I’d barely finished my salad and taken a first bite of chicken when trouble started.
“What’s that new TV set doing in the living room?” my dad asked.
Uh-oh. It’s not like I couldn’t have seen this coming—anyone could—but still. Uh-oh.
“I didn’t think I needed your permission befo
re making a purchase for the home,” my mom said.
“No one said you did,” my dad said. “But when a man comes home from a hard day at work and there’s a new television set replacing the perfectly good old one, I think he has a right to ask about it.”
Whenever my dad starts talking about himself in the third person—“a man” and “he” instead of the usual “I”—it’s plain to see that no good can come of it.
“I just thought it’d be nice for us to join the modern era,” my mom said. “You know, replace the old black-and-white with color.”

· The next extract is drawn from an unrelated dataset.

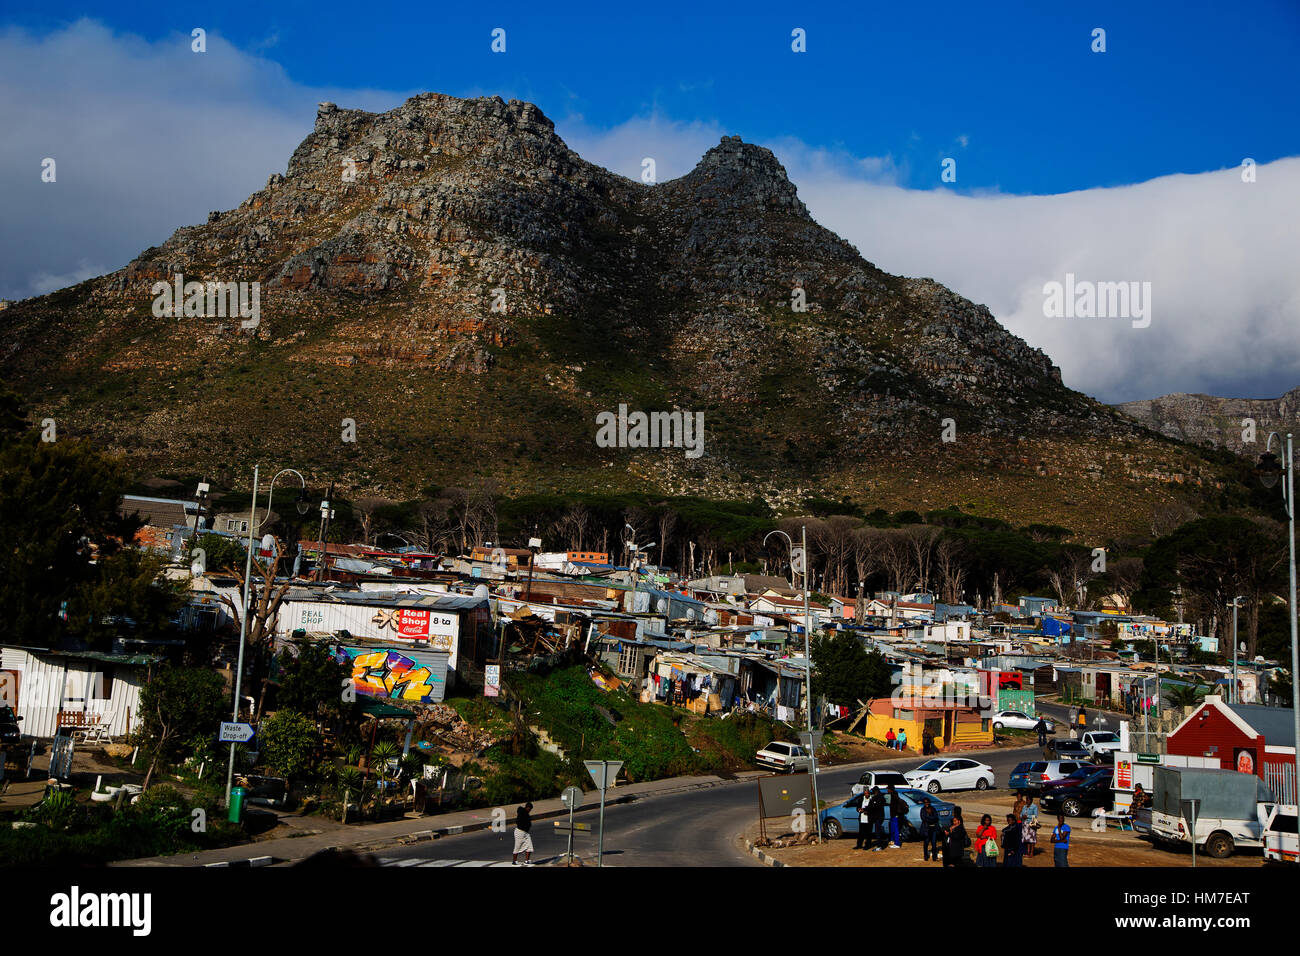 Shanty town on the Hout Bay outskirts Imizamo Yethu township, Hout Bay, Cape Town, South Africa Stock Photo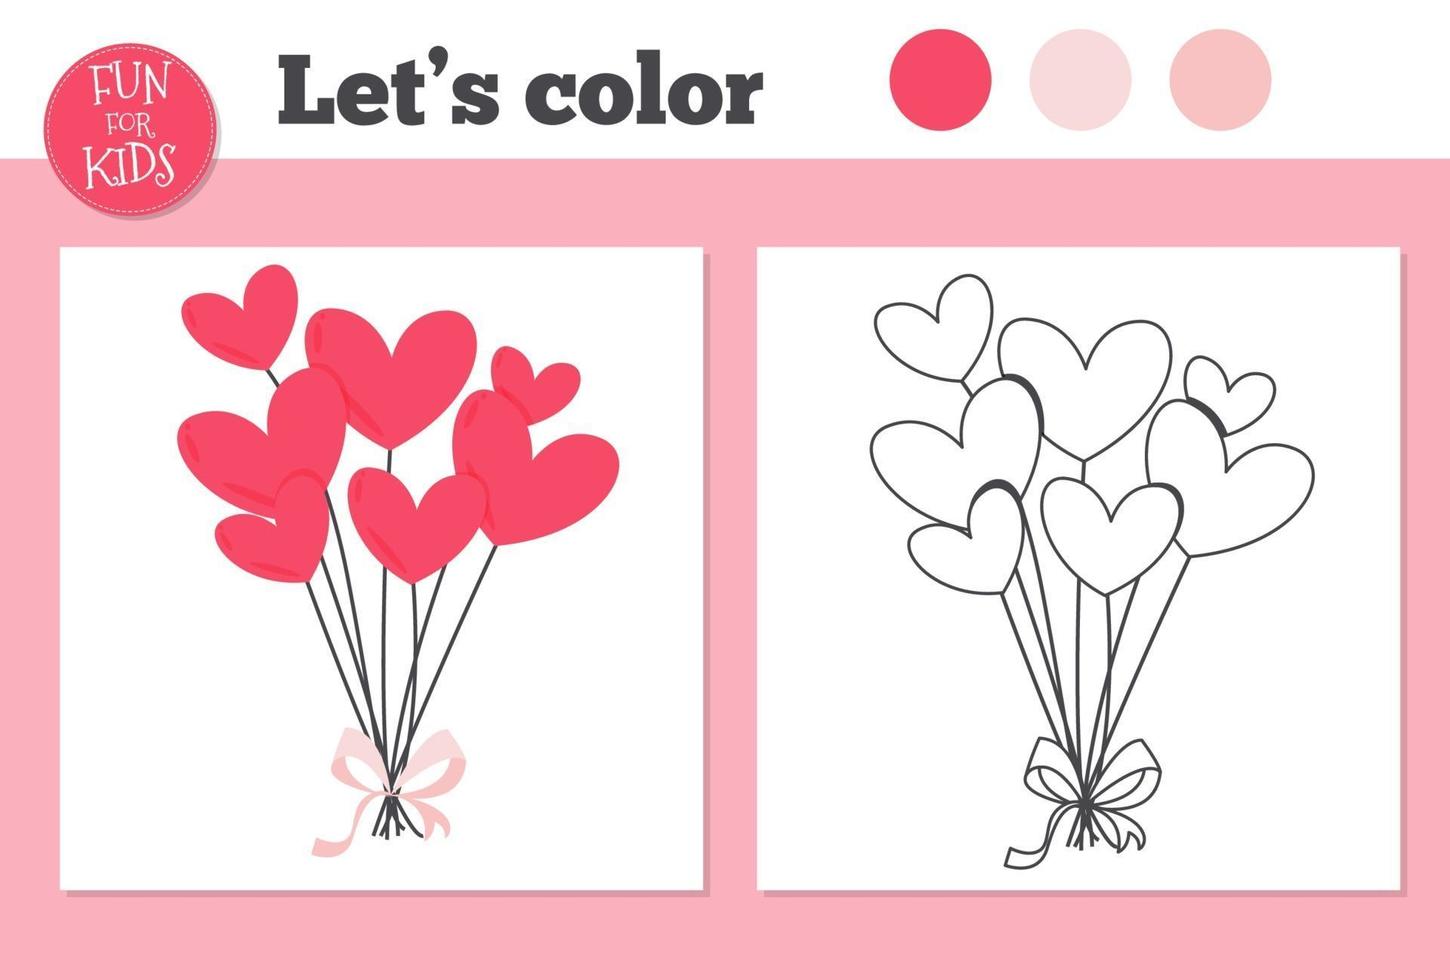 Coloring book heart balloons for preschool kids with easy educational gaming level. vector

If it were up to me to be the judge of this one, I’d have to come down on my mom’s side. I’d seen that color TV in the living room, a great big Magnavox even bigger than the Whitakers’, as soon as I’d come home from Buster’s house and I was itching to get my fingers on the knobs.
“Why now?” my dad asked.
“Pardon me?” my mom said.
“Why now?” he said again. “Why, exactly, do we need color at this moment in time?”
“Why, to watch the space launch next week, of course,” my mom said, “and then to watch the astronauts walk on the moon.”
My dad pointed the business end of his fork at her. “And that right there is what’s wrong with this country.”
“Color television sets?” my mom said, playing dumb.
We all knew what my dad was getting at. We’d all heard versions of it before.
“I suppose you’d like to watch the space launch in color, too, Mamie?” my dad asked, delaying the inevitable.
“I guess it could be nice,” I said quietly, staring at my plate of chicken.
“And how about you, Bess?” my dad asked. “What do you have to say about all this?”
At the sound of her name, Bess looked up. “I’m sorry,” she said. “What did you say?”
“Useless,” was my dad’s response. “You might as well be on the moon for all the attention you pay to what goes on in this house these days.”